=== Work to complete ===
For the data that follows, print the line with "Secretaria de cidade", the line with "SAT, Ministerialprotokoller, klokkerbøker", and all lines between them, exactly as they stand. Omit pictures and add nothing.

=== Information given ===
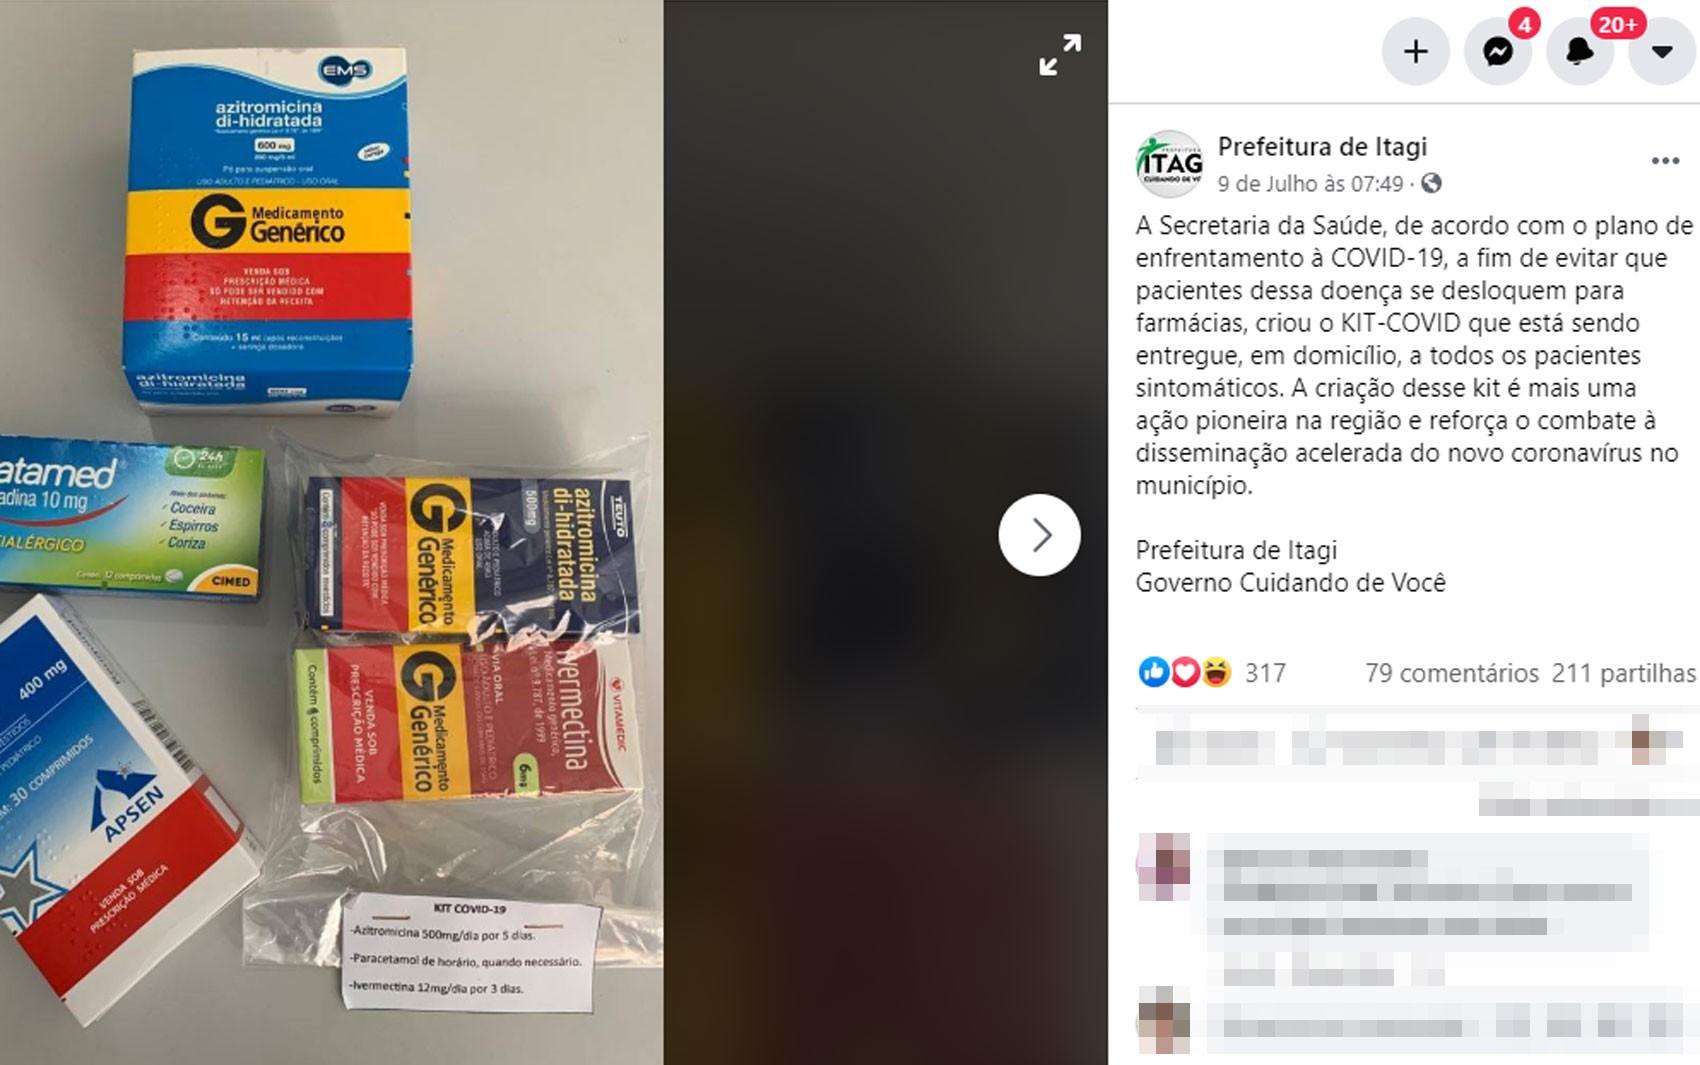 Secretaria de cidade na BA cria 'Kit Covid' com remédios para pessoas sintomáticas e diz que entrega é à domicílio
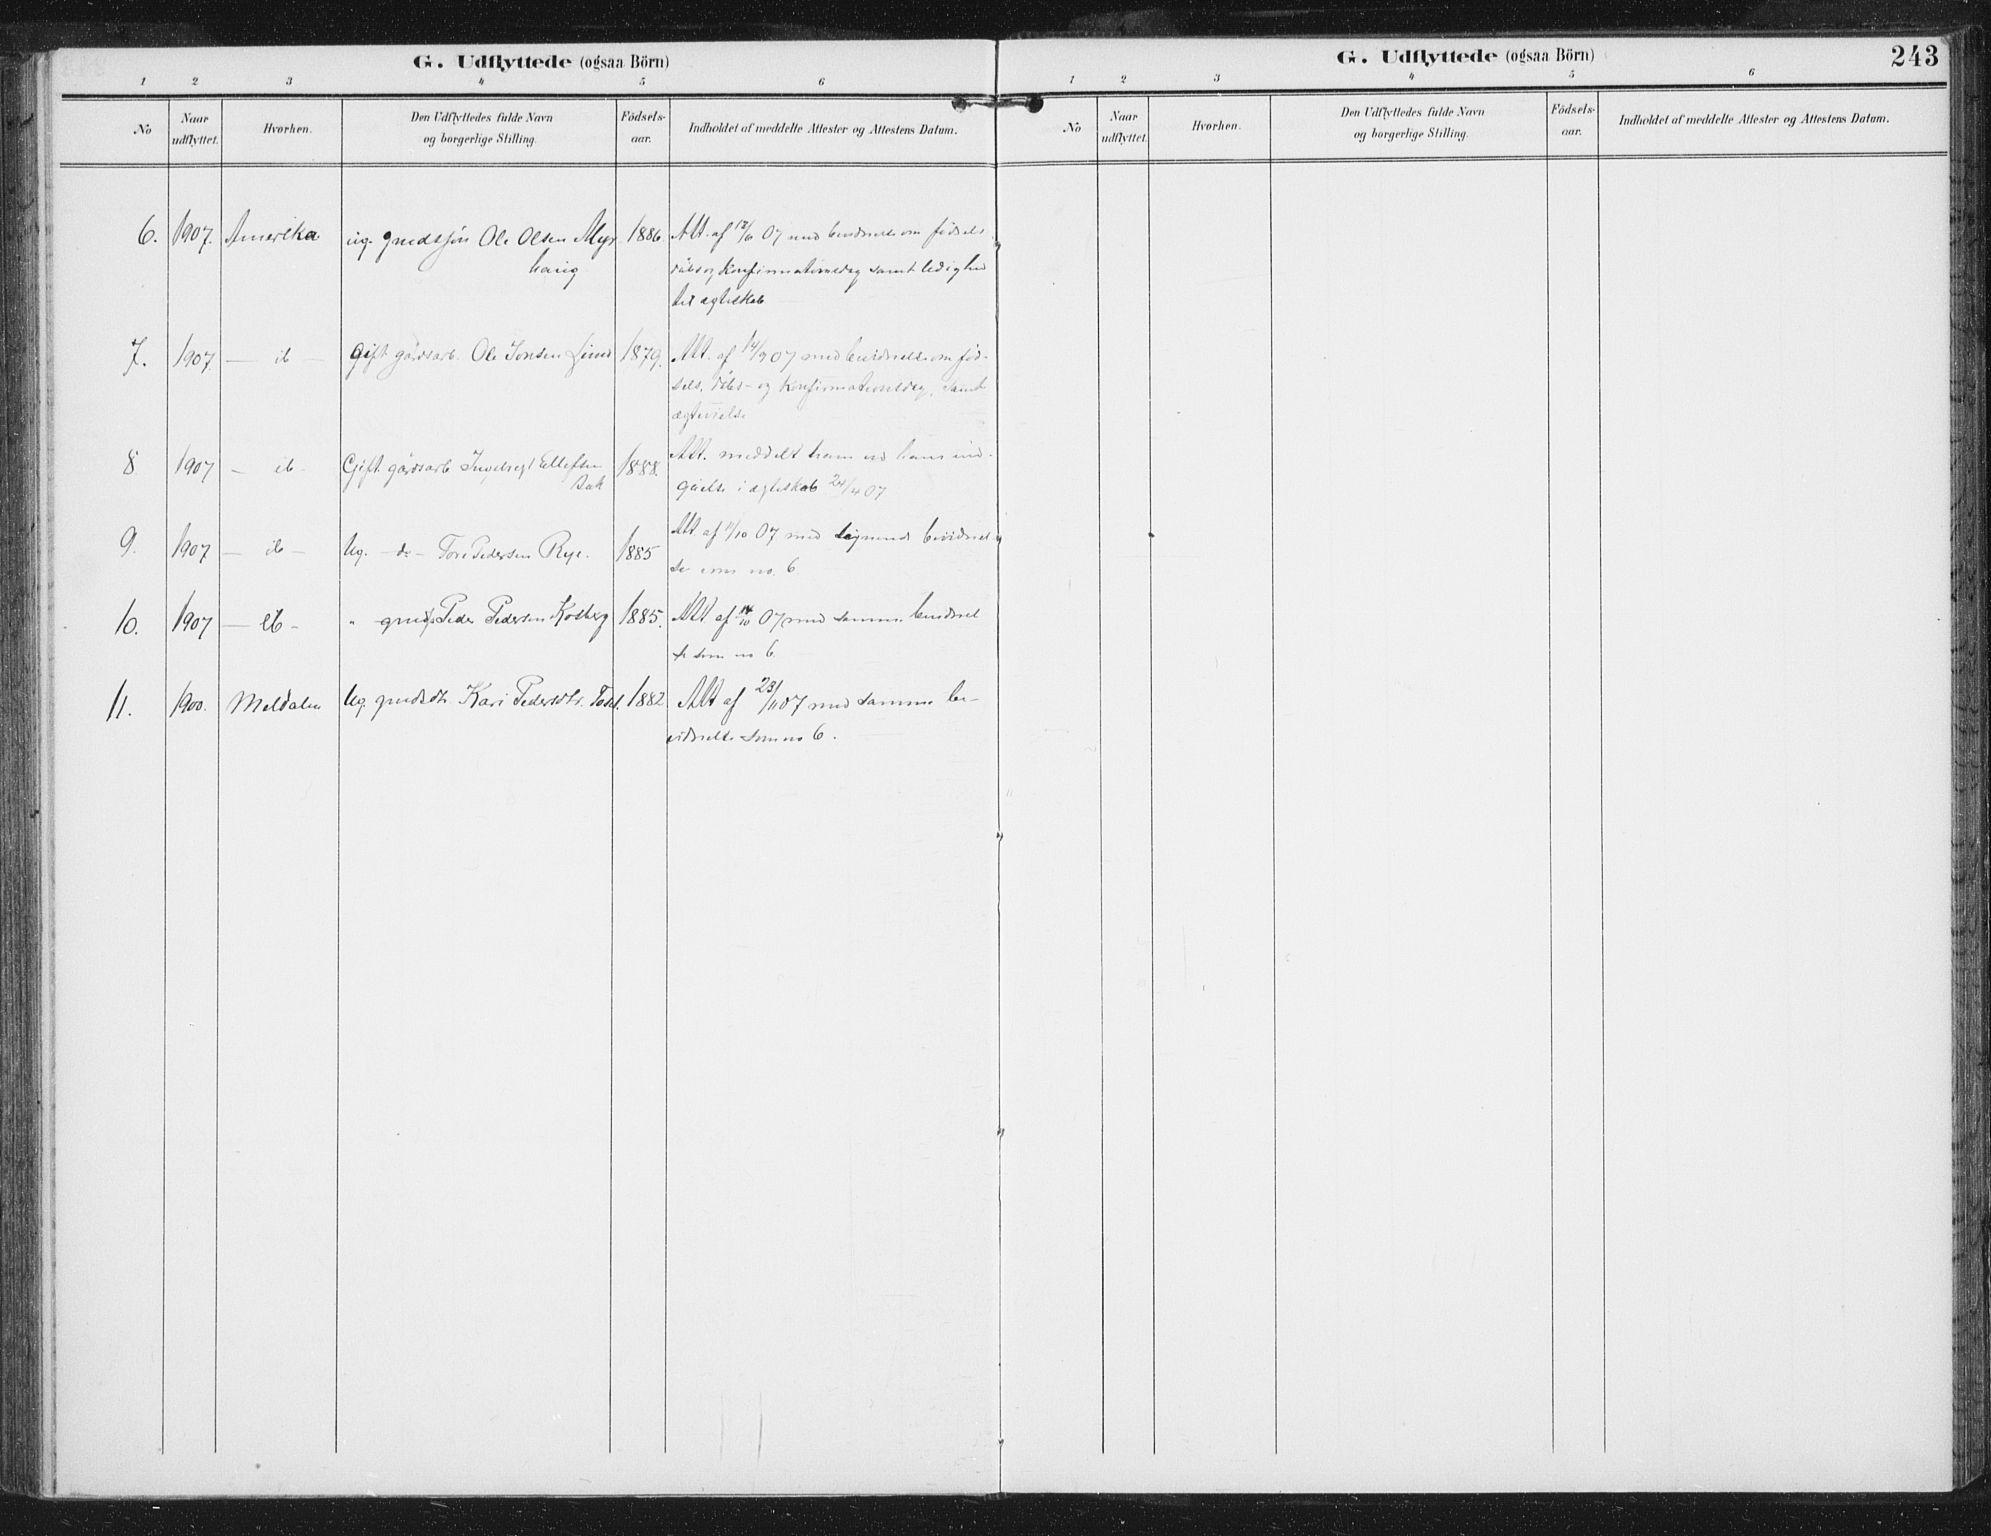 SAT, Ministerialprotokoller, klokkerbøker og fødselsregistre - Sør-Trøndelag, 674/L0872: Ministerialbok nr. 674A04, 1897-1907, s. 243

* * *

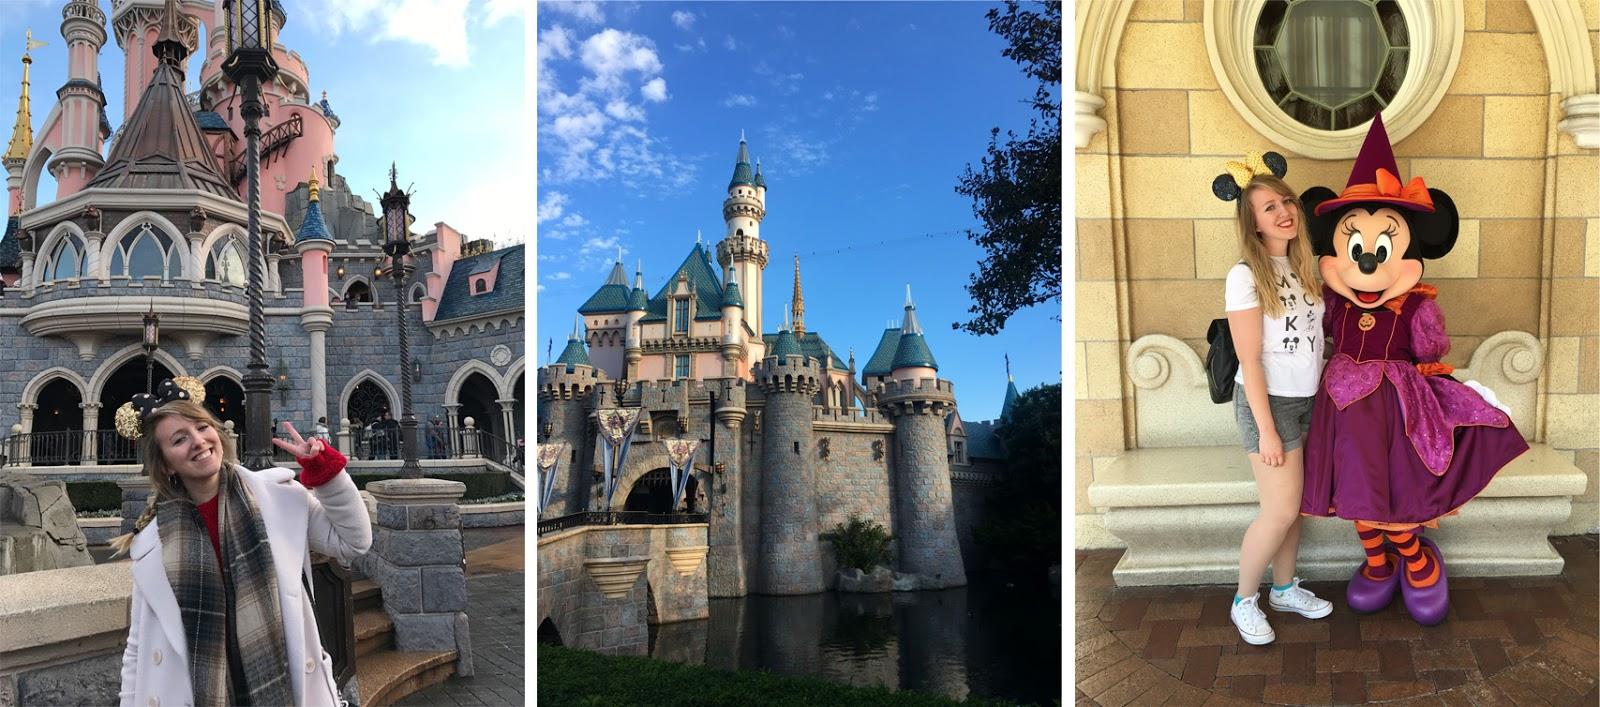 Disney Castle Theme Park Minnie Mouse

=== Written answer ===
 Secretaria de cidade na BA cria 'Kit Covid' com remédios para pessoas sintomáticas e diz que entrega é à domicílio
 SAT, Ministerialprotokoller, klokkerbøker og fødselsregistre - Sør-Trøndelag, 674/L0872: Ministerialbok nr. 674A04, 1897-1907, s. 243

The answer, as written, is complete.